How does a crop model calibrated to national yield data perform on the field scale?

Livia Rasche, Ruth Sos Del Diego


Crop models used as parts of integrated assessments often need to be run on regional, national and global scales. Calibration is an important step in the application procedure, yet on scales like this the process needs to be simplified in order to meet data requirements and computational limits. The question arises if a model calibrated in such a “simple” fashion still performs adequately at field scale, and if parameters not calibrated in the process can nevertheless be used with some confidence in later stages of the assessment.

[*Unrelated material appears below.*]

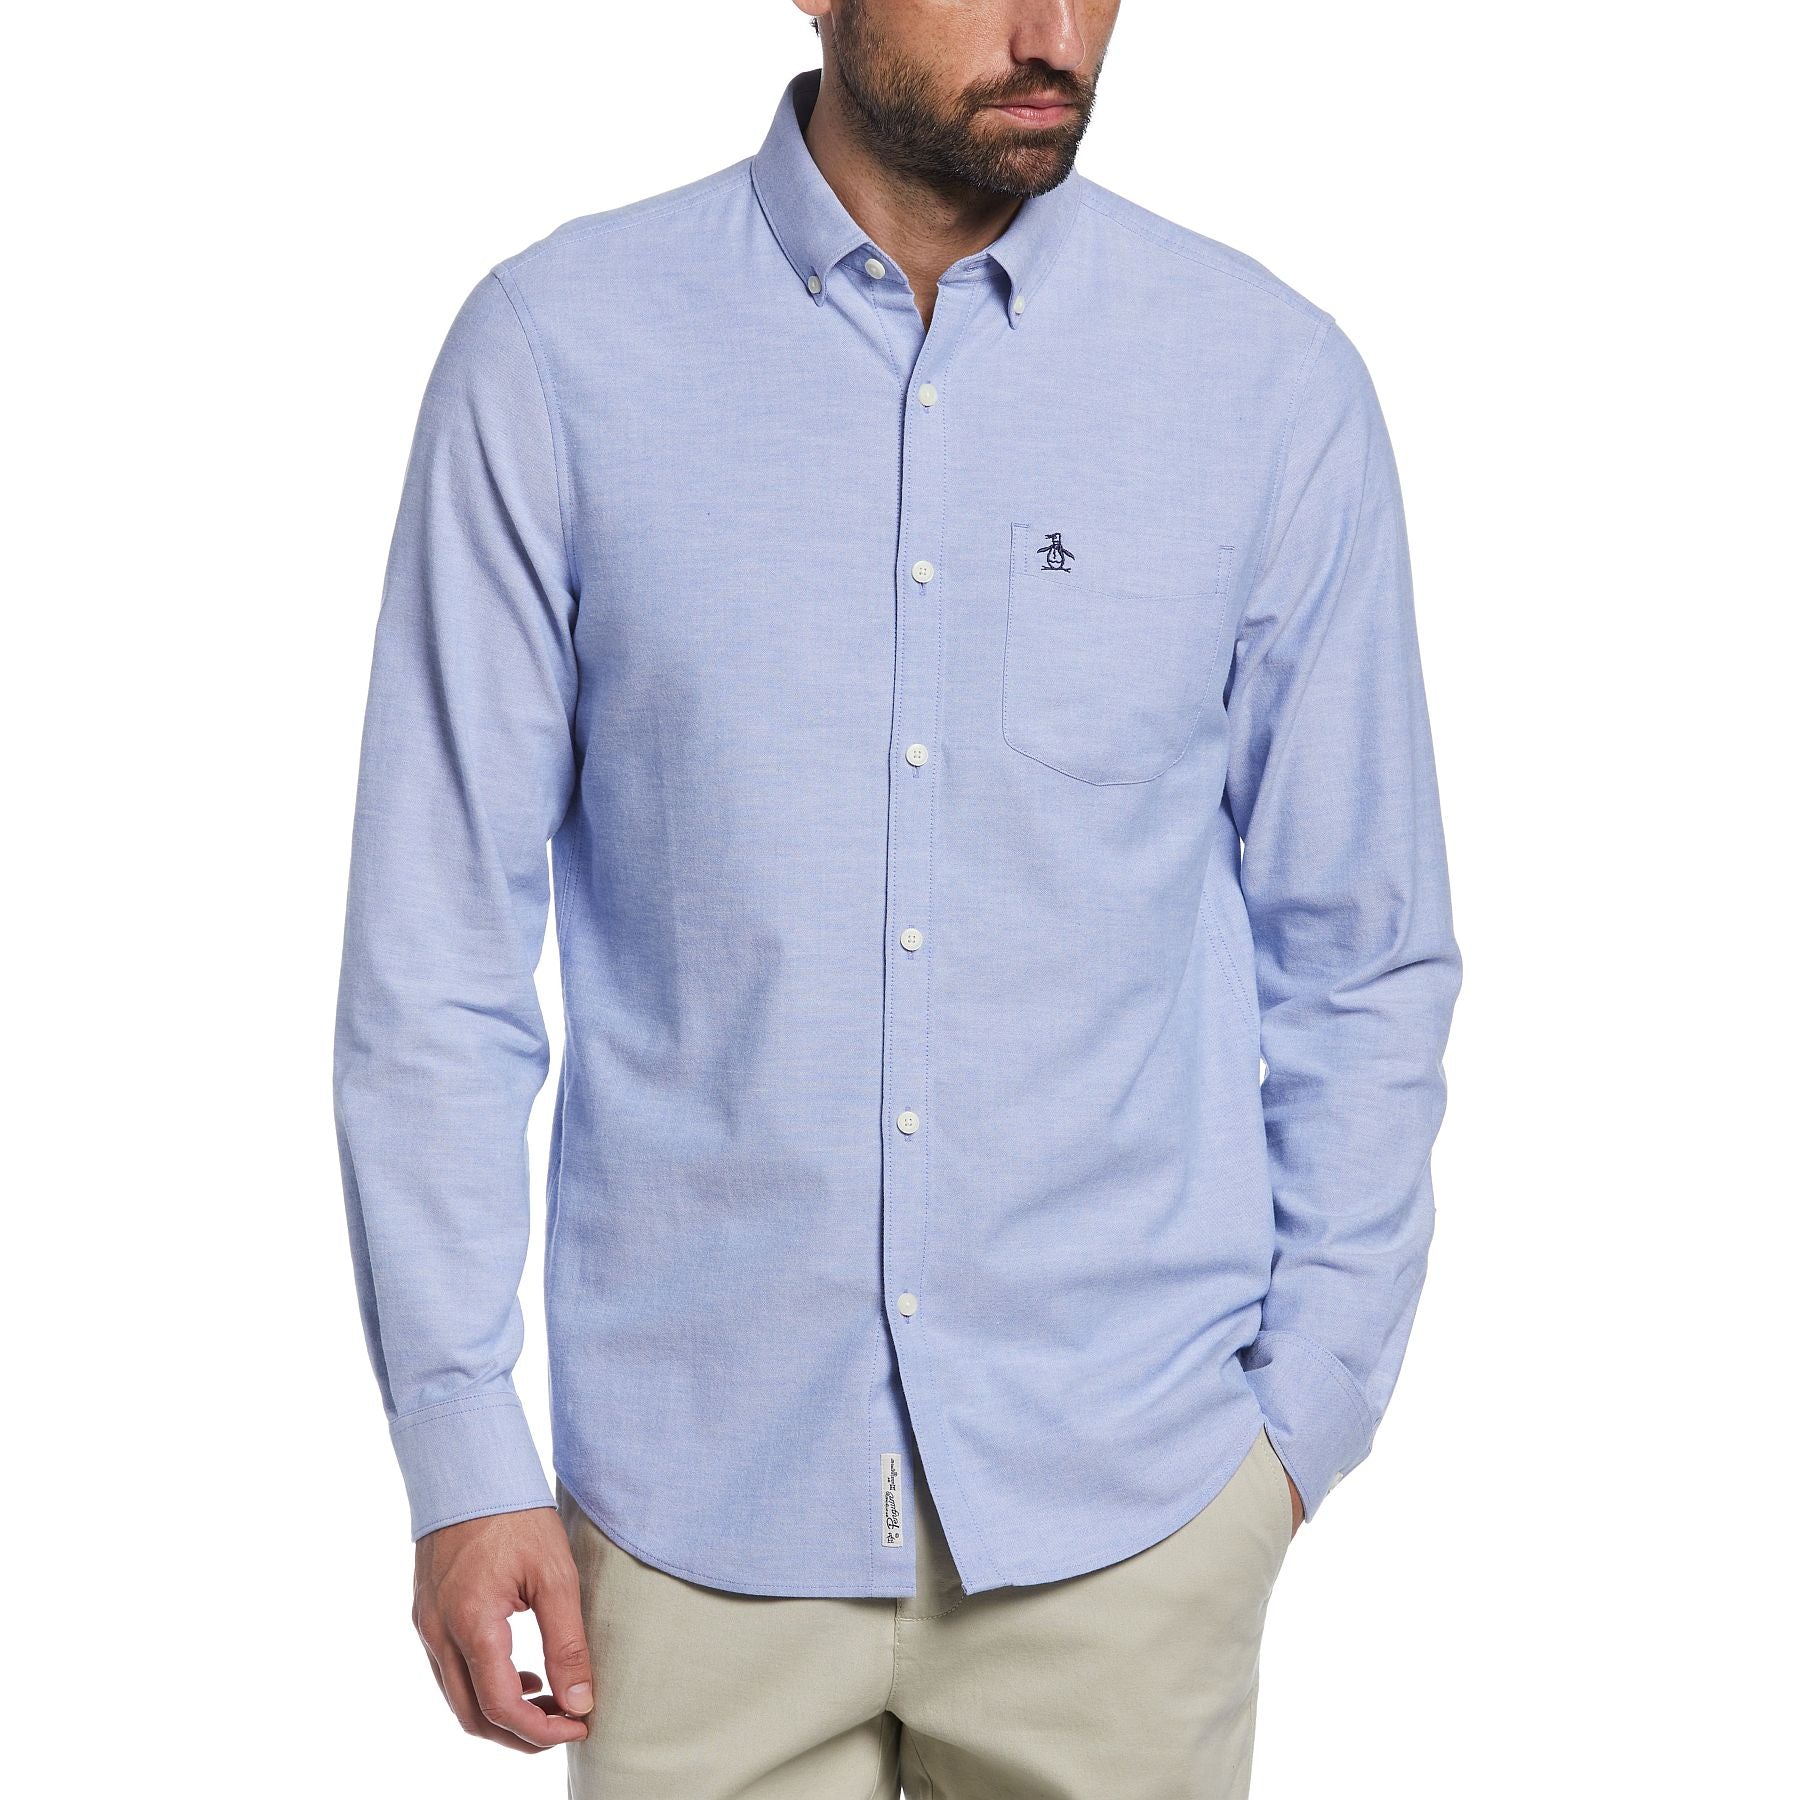 View Ecovero Oxford Stretch Shirt In Amparo Blue information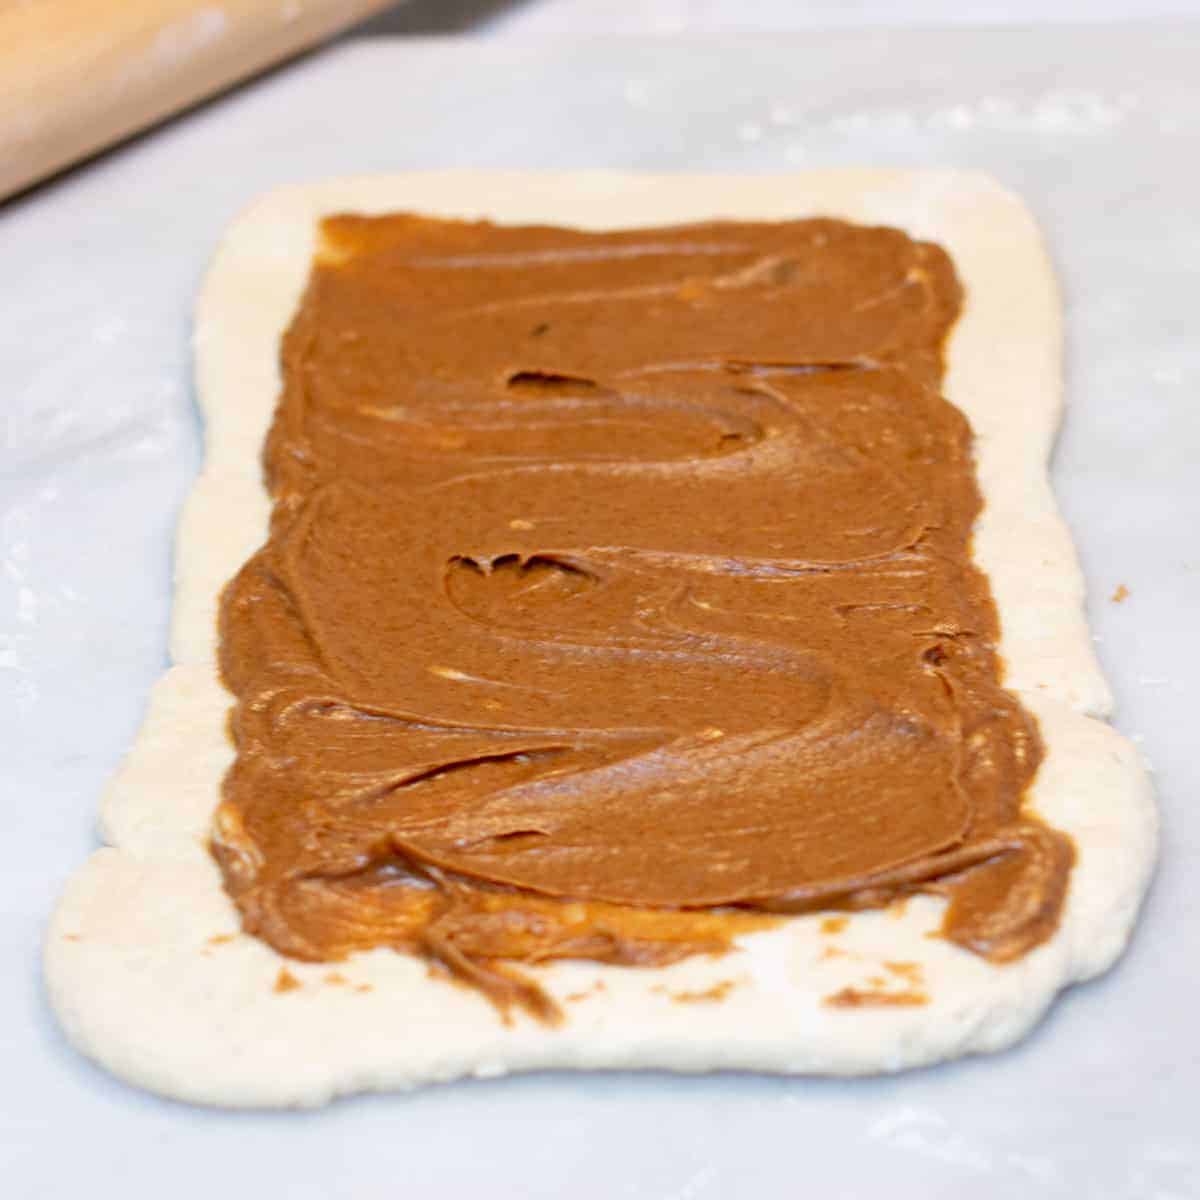 cinnamon roll filling spread over rolled out biscuit dough.

To answer this question, we applied the crop model EPIC to the simulation of sugarcane in Sao Paulo, Brazil. We once calibrated the model using Bayesian calibration to data on yield, aboveground biomass, and root weight measured in four years on two field trials in Sao Paulo. For the second calibration we used a simplified approach and calibrated the model only to FAOSTAT yield data for the whole of Brazil. Both calibrated models were applied to the simulation of stalk yield, aboveground biomass and root weight on a third field trial, and to the simulation of mean yields in Sao Paulo.

The results showed that both models were able to adequately depict yields on both scales, but that the model calibrated to only national yield data was not able to accurately simulate root biomass, and to a lesser degree aboveground biomass.

We conclude that a simplified calibration performs adequately on both scales, but that non-calibrated parameters may only be used with caution.